Promoteur actuellement de 67 études cliniques en France, elle finance des projets émanant d’équipes de l’Institut national de la santé et de la recherche médicale (INSERM), de l’Institut Pasteur, du Centre national de recherche scientifique (CNRS), de l’Institut de recherche pour le développement (IRD), d’hôpitaux ou d’universités. Ces efforts ont permis à la France de se trouver dans le trio de tête pour la production scientifique concernant le VIH.
La récente conférence mondiale de Washington a confirmé que si les traitements sont de plus en plus nombreux, variés et efficaces, des financements complémentaires sont encore indispensables pour les déployer à grande échelle. Dans cette perspective, l’annonce du président de la République d’attribuer une partie de la taxation sur les transactions financières à la lutte contre le sida a été unanimement saluée et devrait encourager d’autres Etats sur cette même voie.
Toujours dans le souci de diminuer les inégalités entre les pays du Nord et ceux du Sud, la France, premier contributeur européen et le deuxième contributeur mondial au Fonds mondial de lutte contre le sida, la tuberculose et le paludisme – avec 360 millions d’euros par an – a mis en place une modalité innovante de contribution au Fonds : l’Initiative 5 %, sida, la tuberculose et le paludisme. Celle-ci est pilotée par le ministère des Affaires étrangères et confiée à l’opérateur France Expertise Internationale. 5 % de la contribution française au Fonds mondial, soit près de 18 millions d’euros par an, seront réservés aux demandes émanant des pays francophones en expertise technique de haut niveau afin de les appuyer dans la conception, la mise en œuvre, le suivi, l’évaluation et la mesure de l’impact des programmes du Fonds mondial. Les principaux bénéficiaires du dispositif seront les pays prioritaires pour l’aide française au développement (Bénin, Burkina Faso, Comores, Ghana, Guinée Conakry, Madagascar, Mali, Mauritanie, Niger, République Démocratique du Congo, République Centrafricaine, Sénégal, Tchad, Togo, ainsi que l’Afghanistan, Haïti et les Territoires palestiniens).

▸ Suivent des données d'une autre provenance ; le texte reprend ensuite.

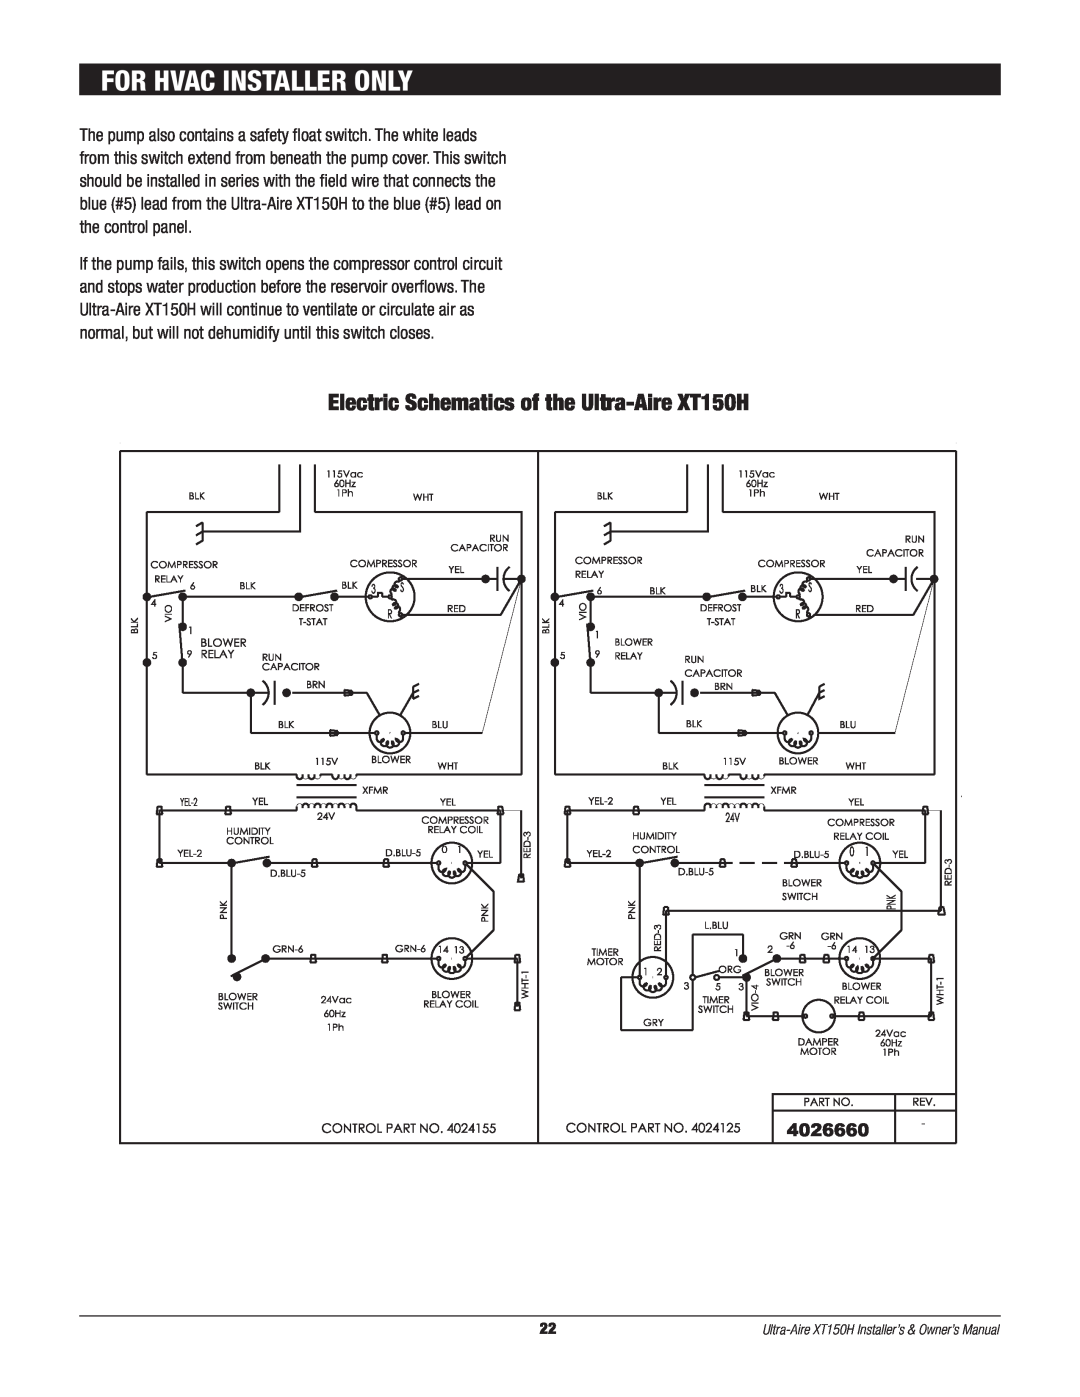 Therma-Stor Products Group owner manual Electric Schematics of the Ultra-AireXT150H, For Hvac Installer Only

Ces mesures viennent rejoindre un autre financement original, la taxe sur les billets d’avion. Cette dernière est appliquée dans neuf pays et finance plus des deux-tiers du budget de la facilité internationale d’achat de médicaments UNITAID, dont la France est le premier contributeur. Ainsi est né le projet Estheraid, partenariat associant UNITAID et le Groupement d’Intérêt Public français ESTHER, destiné à améliorer l’accès aux antirétroviraux dans cinq pays d’Afrique.
Les efforts conjoints de l’Etat et de ses opérateurs, des universités dont l’implication est grande, des organismes de recherche historiquement très engagés, auxquelles s’ajoutent celle du célèbre Sidaction – qui a pour objectif le développement de programmes de recherche et d’aide aux malades – et d’associations comme AIDES ou Solthis, offrent une image cohérente d’interactions fortes entre les milieux médical, de la recherche et associatif.